▶ _Task to complete_
From the data that follows, print exactly the lines starting at the one containing "Vier van de" and ending at the one containing "مجموعه آموزشی PLC S71500"; include both of them and nothing more.

▶ _Given records_
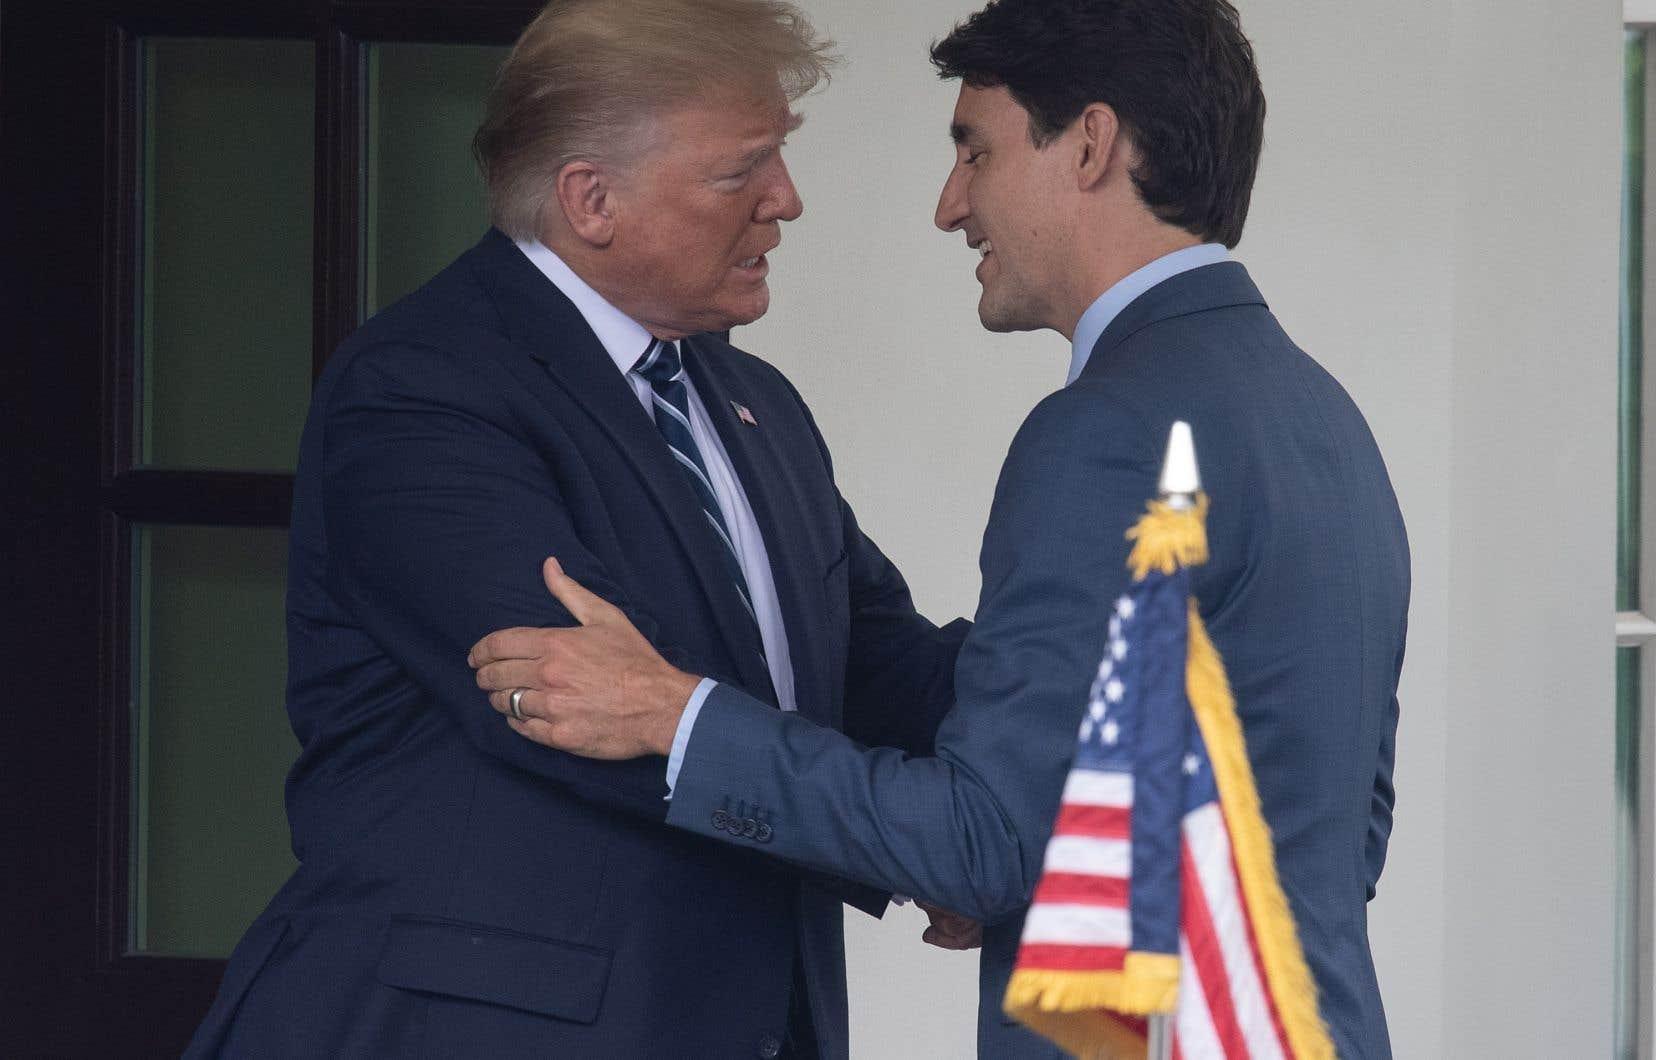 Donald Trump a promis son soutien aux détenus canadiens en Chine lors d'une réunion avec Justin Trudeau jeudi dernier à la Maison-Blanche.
==
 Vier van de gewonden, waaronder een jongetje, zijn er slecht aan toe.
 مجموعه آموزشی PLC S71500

▶ _Answer to this problem_
 Vier van de gewonden, waaronder een jongetje, zijn er slecht aan toe.
 مجموعه آموزشی PLC S71500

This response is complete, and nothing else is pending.